Have a gander at the press release for more details:
"In this time of accelerated evolution in the field of digital publishing, the editorial leaders of Harper Voyager in the United Kingdom, United States and Australia are delighted to announce an exciting joint venture that will offer talented aspiring writers the chance to join the global science fiction and fantasy imprint.

"For the first time in over a decade, Harper Voyager is offering writers the chance to submit full, unagented manuscripts for a limited two-week period. The publisher is seeking new authors with fresh voices, strong storytelling abilities, original ideas and compelling story-lines. Harper Voyager is home to some of the biggest names in science fiction and fantasy, including George R. R. Martin, Kim Harrison, Raymond E. Feist, Robin Hobb, Richard Kadrey, Sara Douglass, Peter V. Brett and Kylie Chan, among others.

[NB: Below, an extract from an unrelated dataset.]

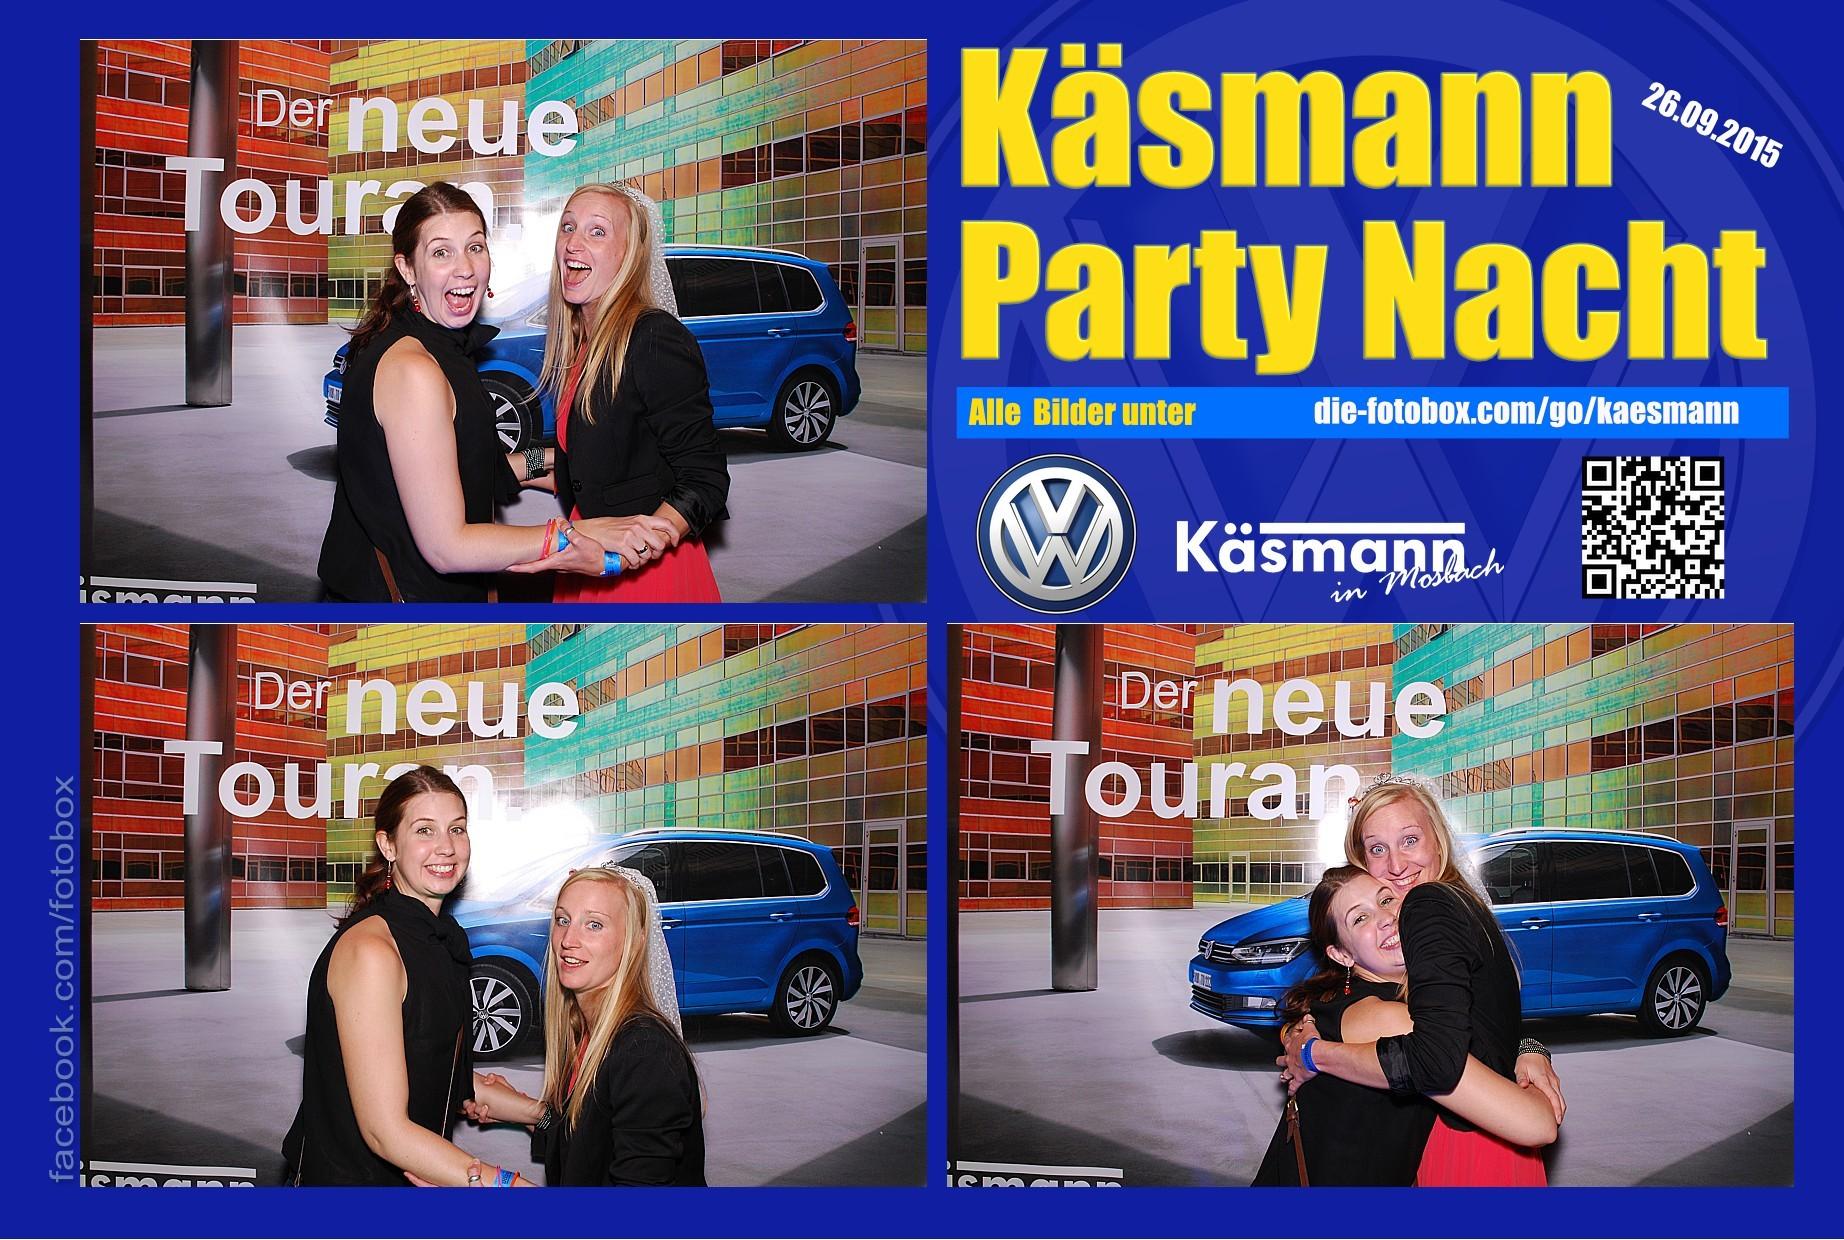 Käsmannparty 2015 - www.die-fotobox.com 01020
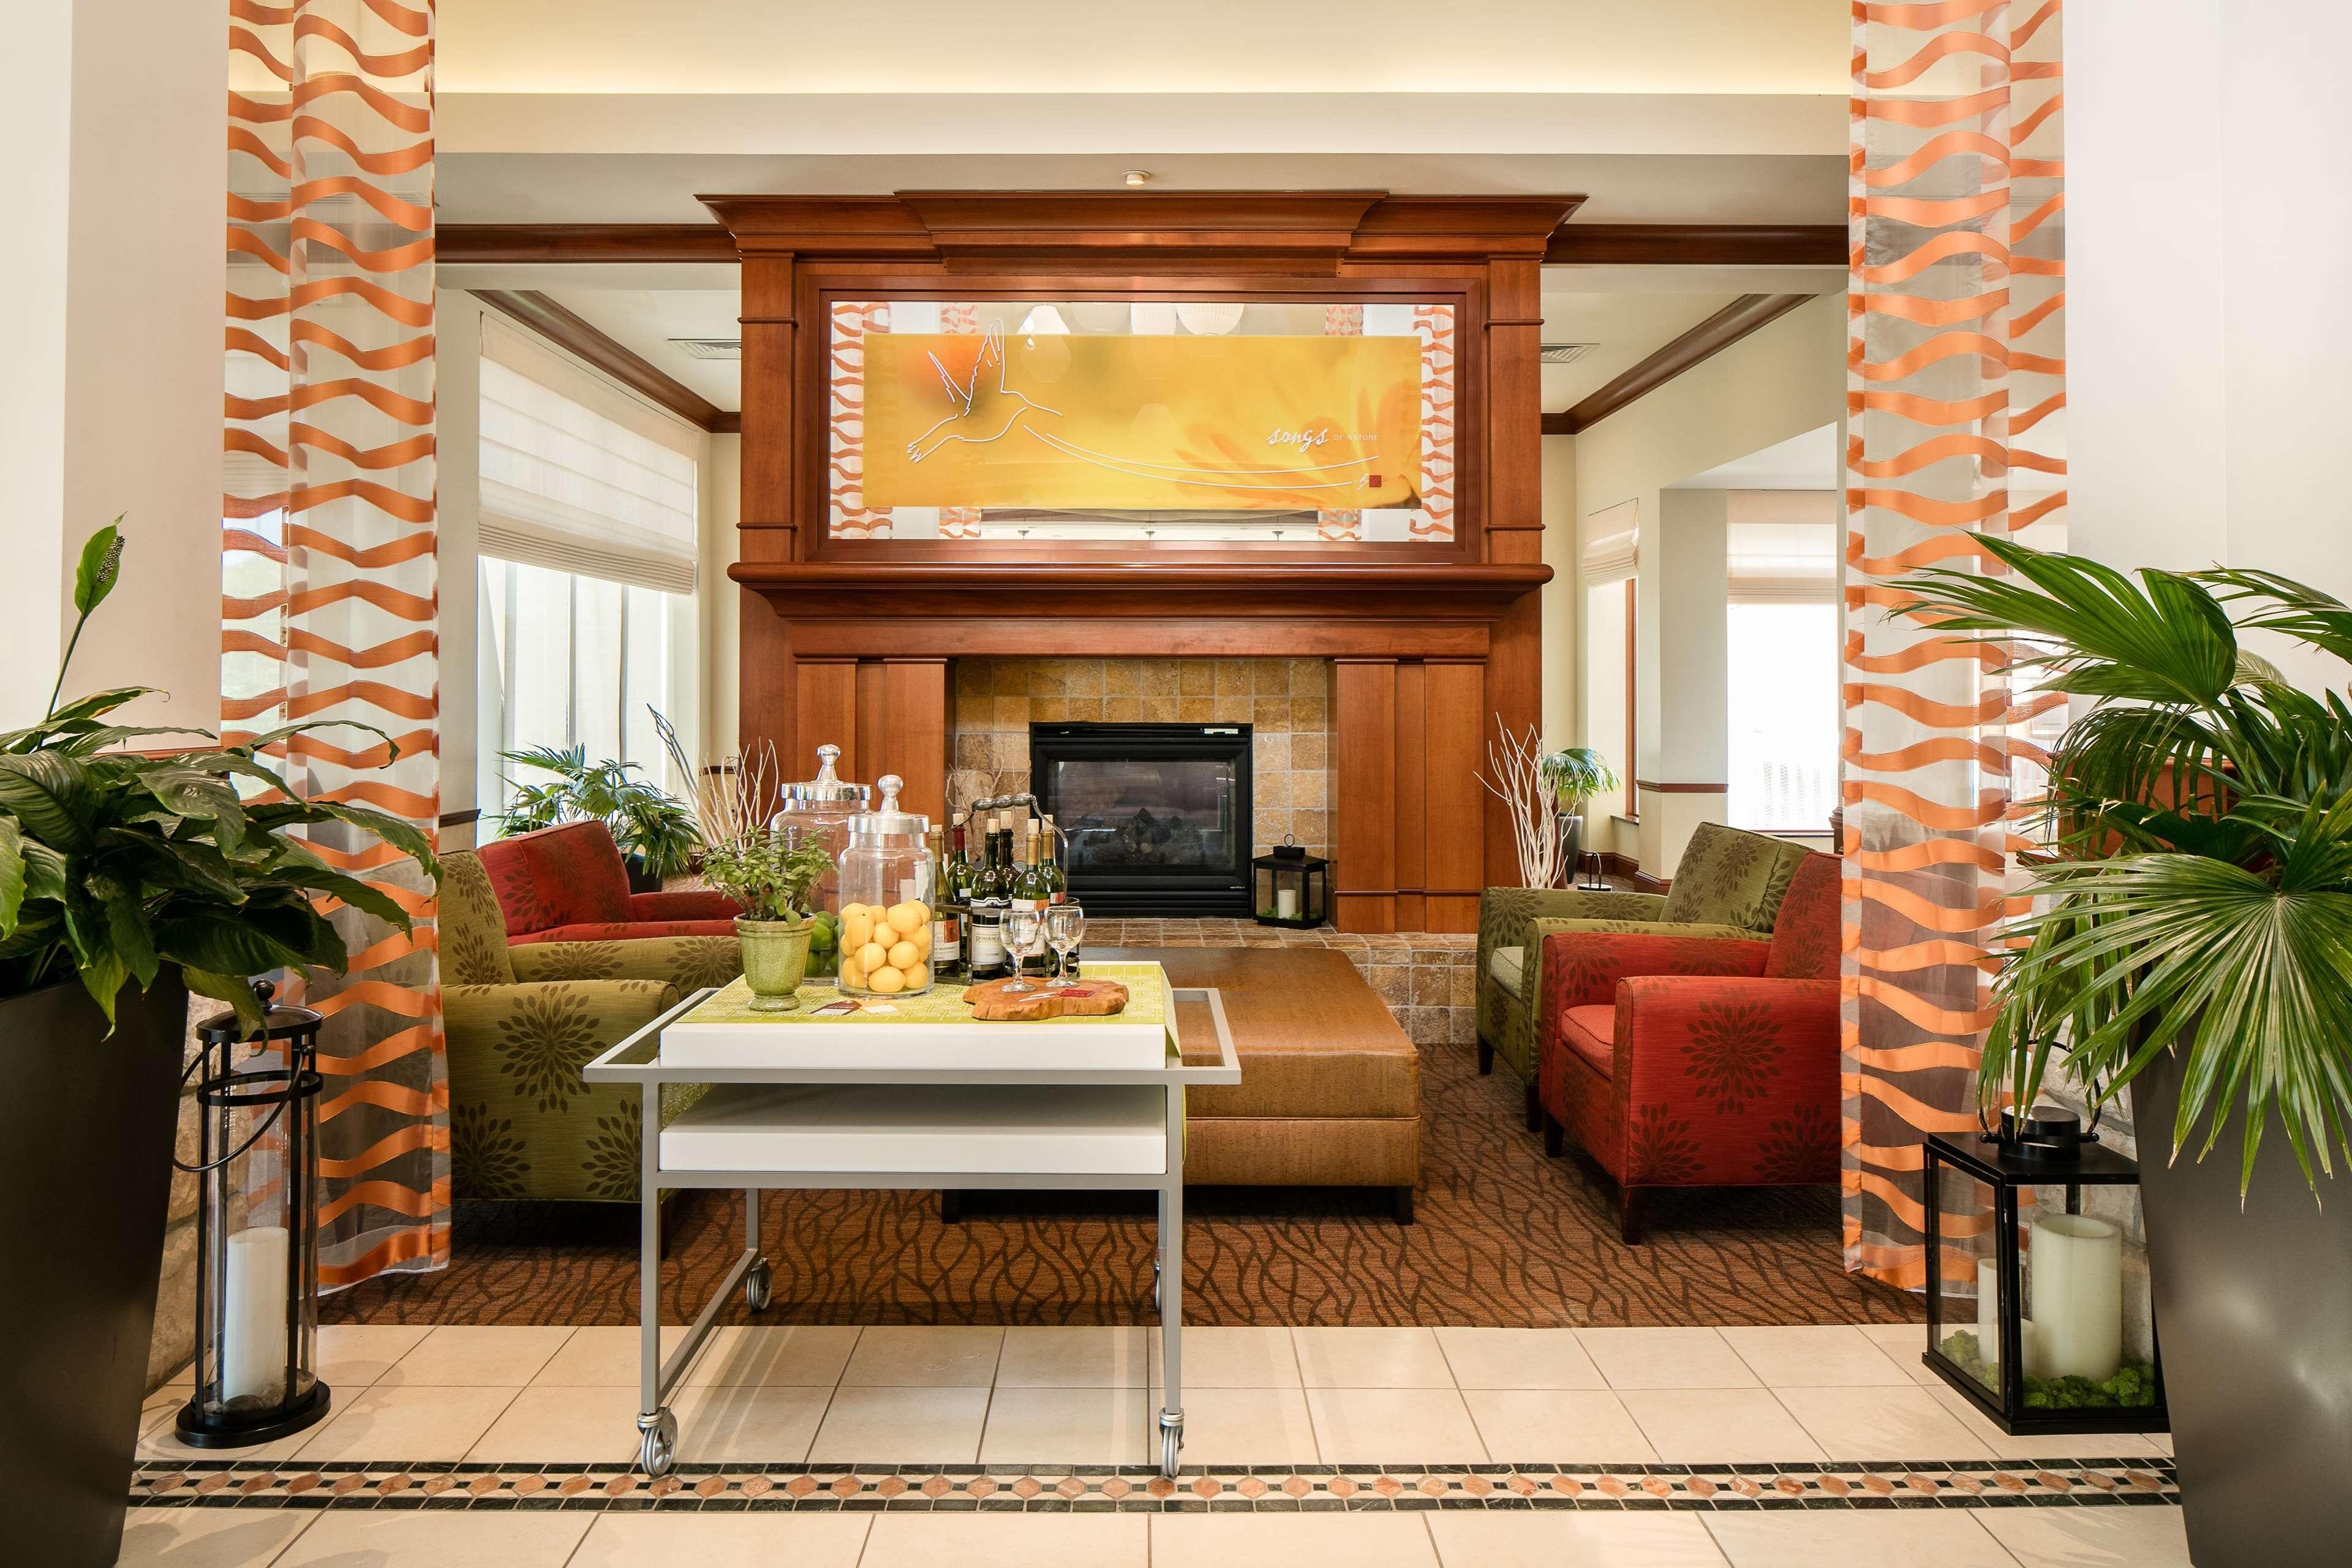 Hilton Garden Inn Omaha West 17879 Chicago Street Omaha, NE Hotels ...

"The submission portal [...] will be open from the 1st to the 14th of October 2012. The manuscripts will then be read and those most suited to the global Harper Voyager list will be selected jointly by editors in the USA, UK and Australia. Accepted submissions will benefit from the full publishing process: accepted manuscripts will be edited; and the finished titles will receive online marketing and sales support in World English markets.

"Voyager will be seeking an array of adult and young adult speculative fiction for digital publication, but particularly novels written in the epic fantasy, science fiction, urban fantasy, horror, dystopia and supernatural genres. Submission guidelines and key information can be found at"
Much as I sympathise with the slush readers one can only imagine Harper will have to hire on worldwide for this epic endeavour, I love that this sort of this seems to be becoming a tradition. A year-round open door sounds like a recipe for disaster, quite frankly, so there needs be some compromise, and if you ask me, declaring a brief free-for-all is exactly the way to go.

In short, if you've been looking for the chance of a lifetime of late, then make no mistake, my fellow wannabe authors: this is very probably it.


  1. Crap, that only gives me 2 weeks to revise and polish . . . better stop procrastinating. :)

  2. It's awesome that more publishing companies seem to be getting on board with this. It gives people more of a chance. True, it does require a buttload of work for them in seperating the wheat from the chaff, so to speak, but I love that they're giving people such an awesome chance.

    Makes me think that I should buckle down and actually get back to writing more. I might actually have a legit chance someday, at this rate!

  3. Hmm... You know, I looked, and can't find the actual contractuals anywhere. If they aren't offering an advance and/or something approaching a decent royalty split (net 50%) then I would have to pass... and so should you.

    Why, you ask? Because there's no guarantee of a print edition. Without the guarantee of getting your physical book into physical bookstores, it's just a bad deal all around.

    In this one thing if nothing else, please trust me. I'm one of a very few that has had an e-book only contract with a major publisher. It's just not worth it.